Return the entries that follow exactly, with no images.

===== DATA SUPPLIED =====

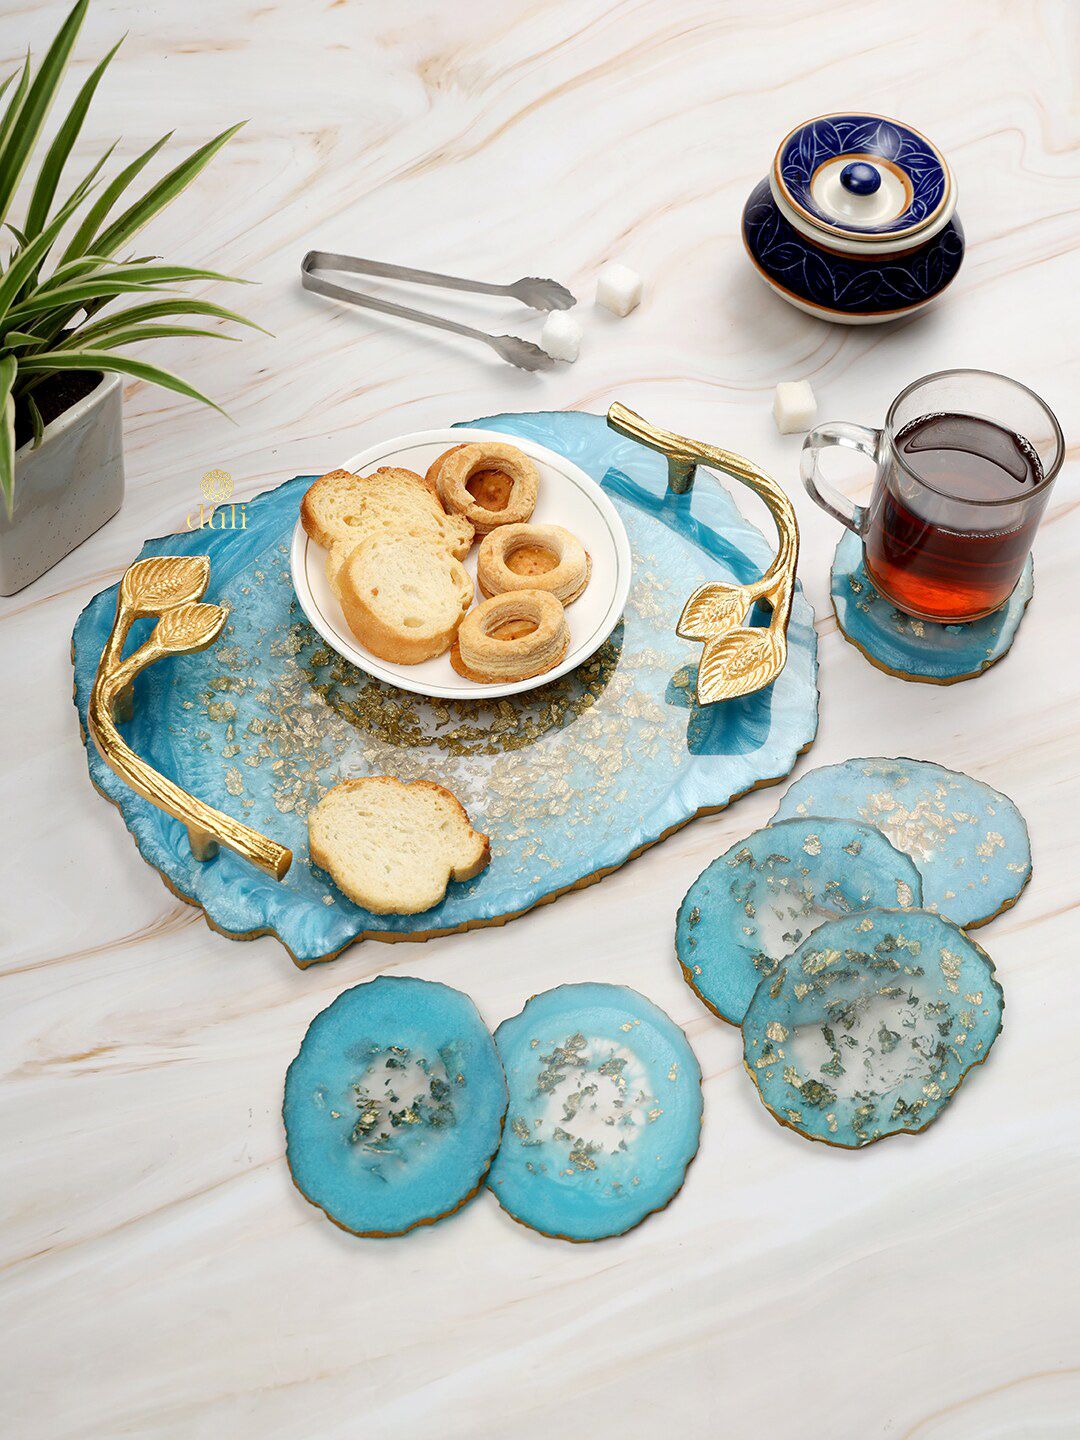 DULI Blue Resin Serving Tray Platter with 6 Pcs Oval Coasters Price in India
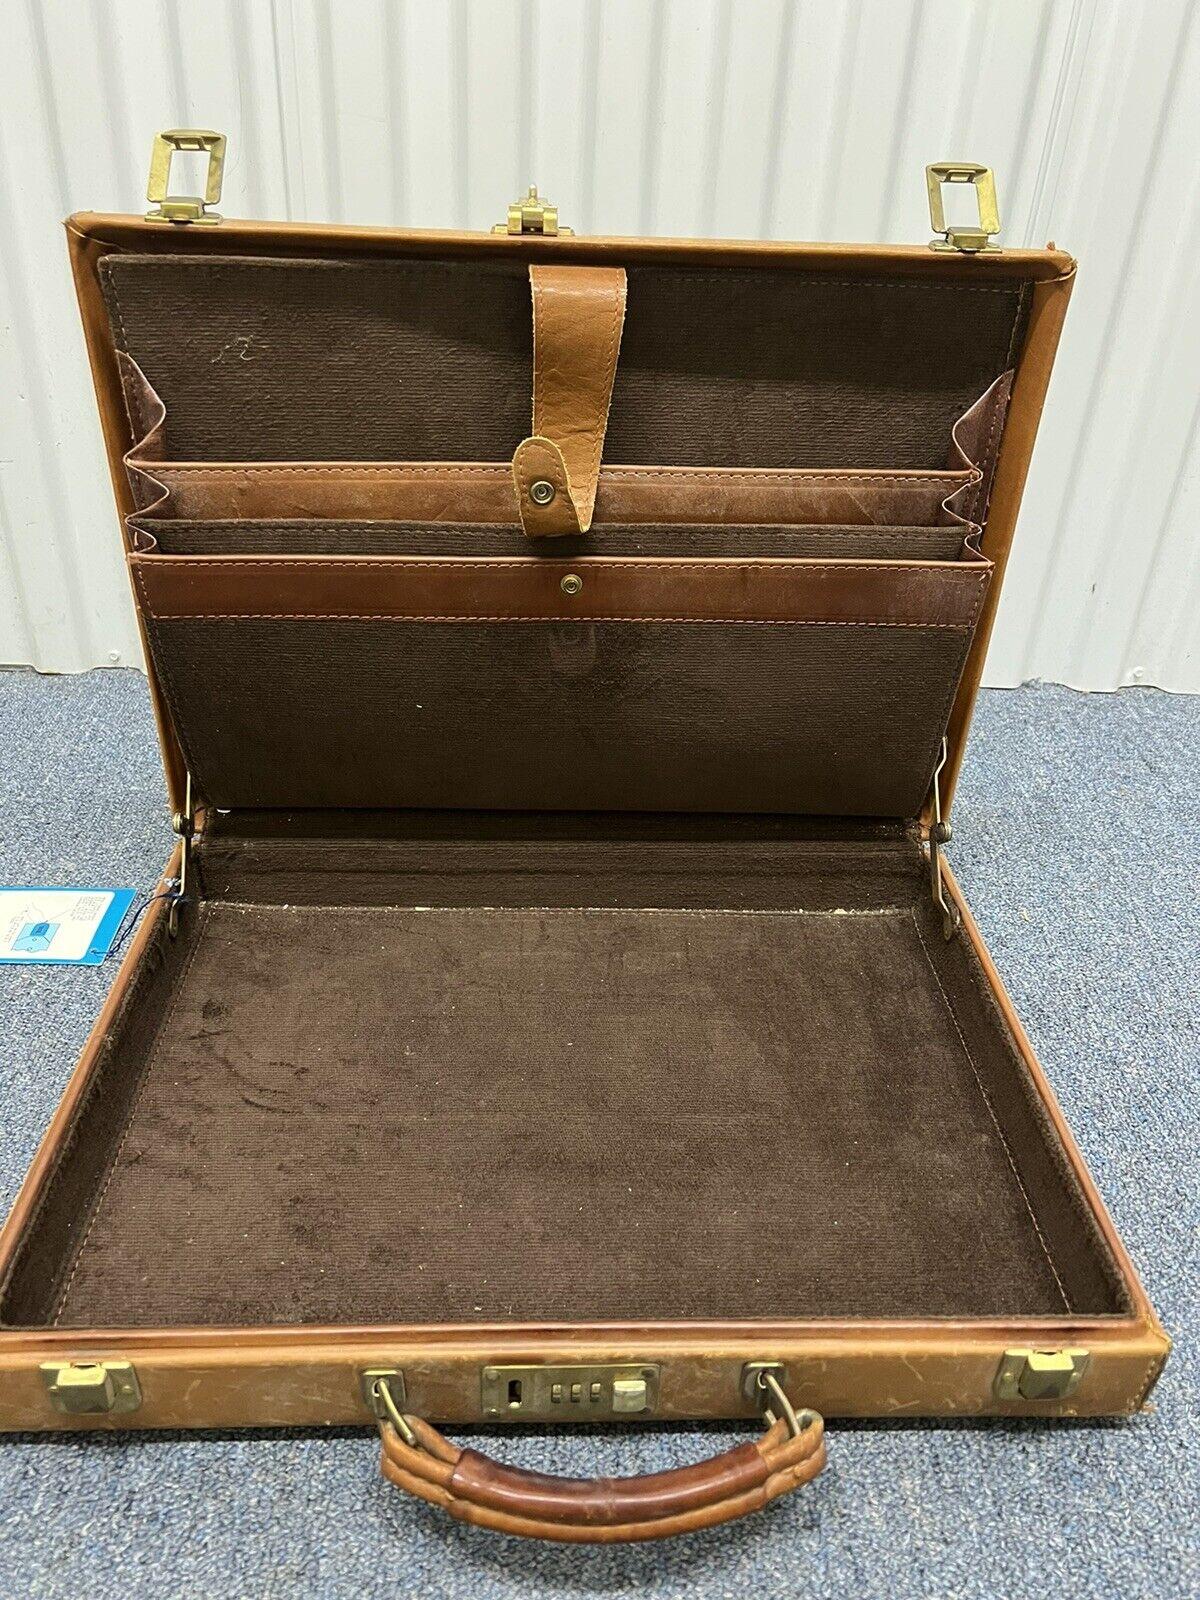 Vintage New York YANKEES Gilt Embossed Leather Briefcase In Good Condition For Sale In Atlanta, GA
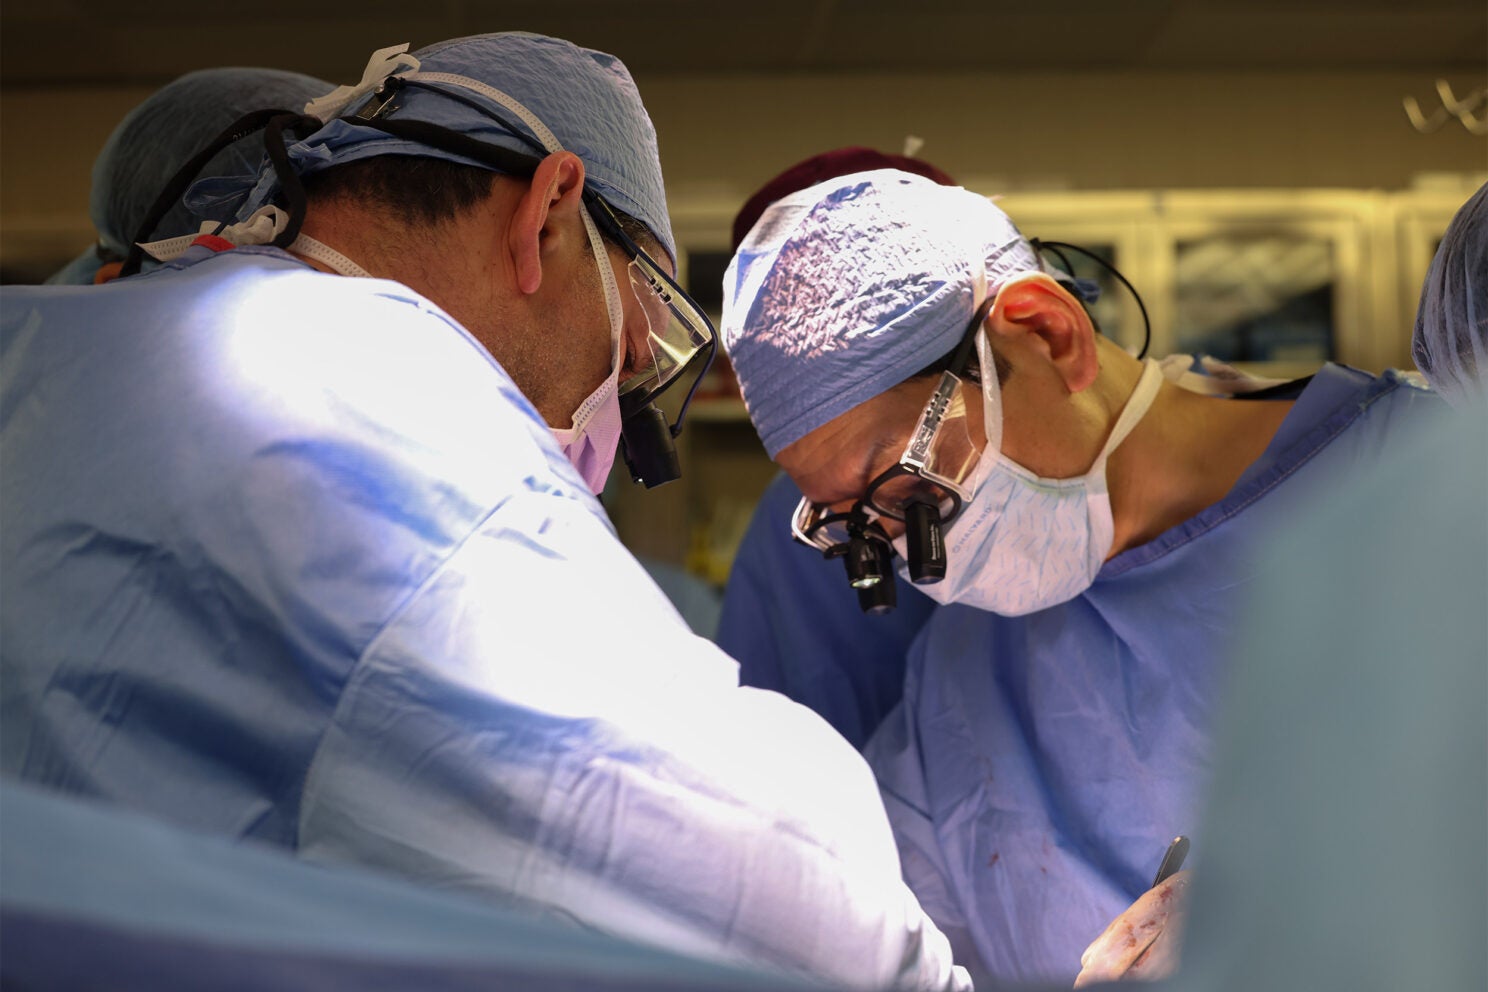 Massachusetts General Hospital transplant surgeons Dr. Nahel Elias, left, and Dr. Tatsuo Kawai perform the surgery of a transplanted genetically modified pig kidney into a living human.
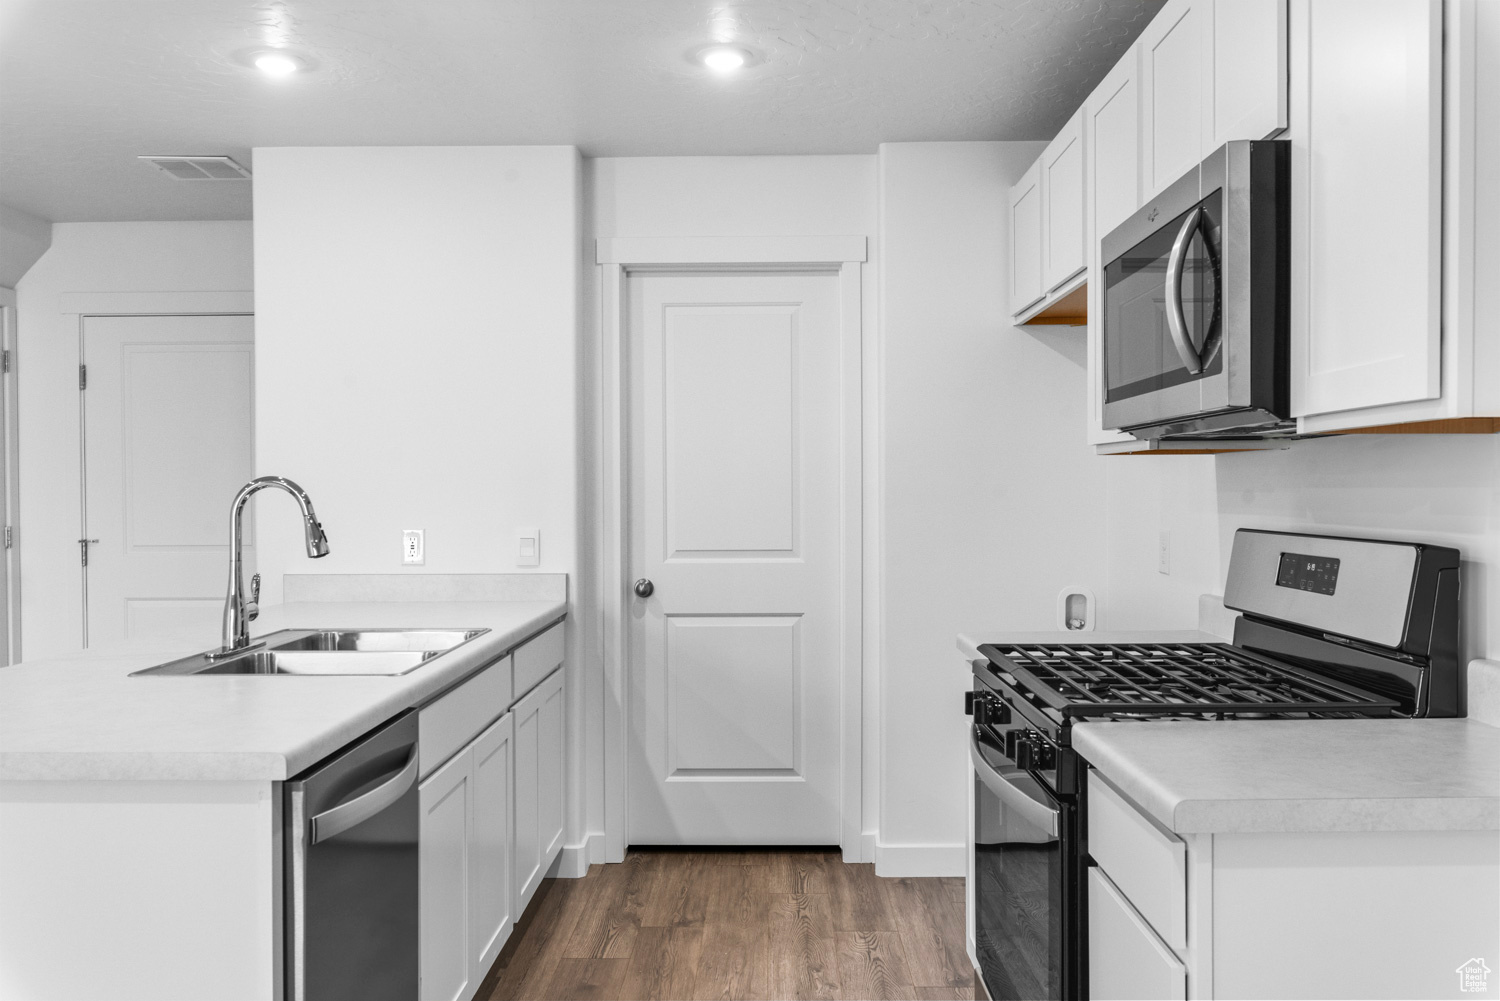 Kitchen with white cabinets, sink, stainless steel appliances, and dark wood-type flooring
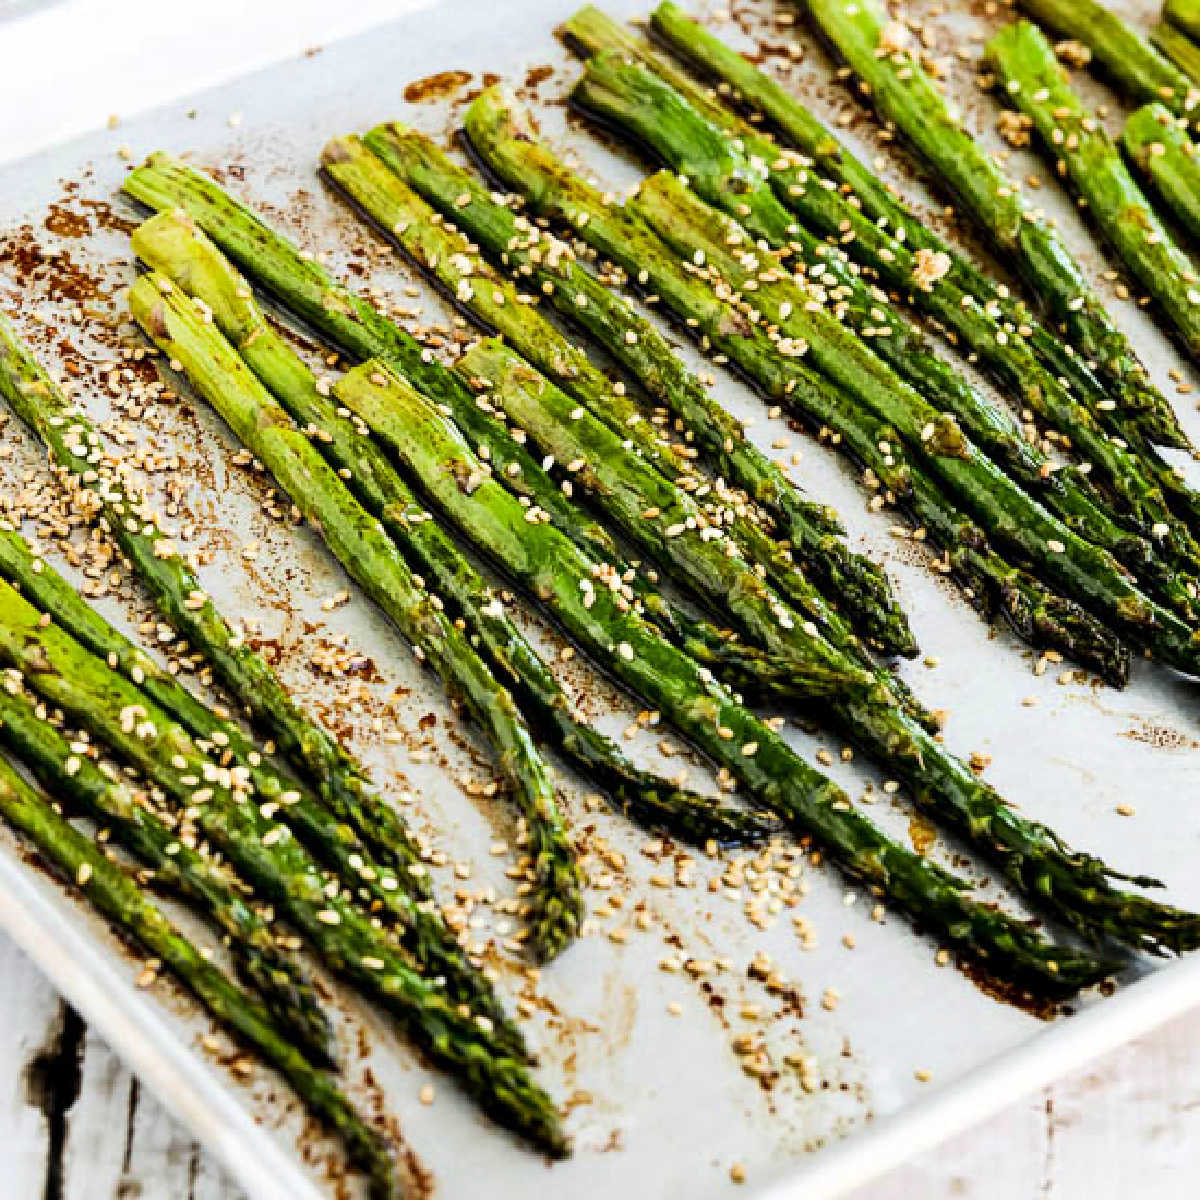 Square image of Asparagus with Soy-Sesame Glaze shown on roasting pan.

=====

◆ REPLY TO THE EXERCISE:
 DULI Blue Resin Serving Tray Platter with 6 Pcs Oval Coasters Price in India
 Vintage New York YANKEES Gilt Embossed Leather Briefcase In Good Condition For Sale In Atlanta, GA
 Massachusetts General Hospital transplant surgeons Dr. Nahel Elias, left, and Dr. Tatsuo Kawai perform the surgery of a transplanted genetically modified pig kidney into a living human.
 Kitchen with white cabinets, sink, stainless steel appliances, and dark wood-type flooring
 Square image of Asparagus with Soy-Sesame Glaze shown on roasting pan.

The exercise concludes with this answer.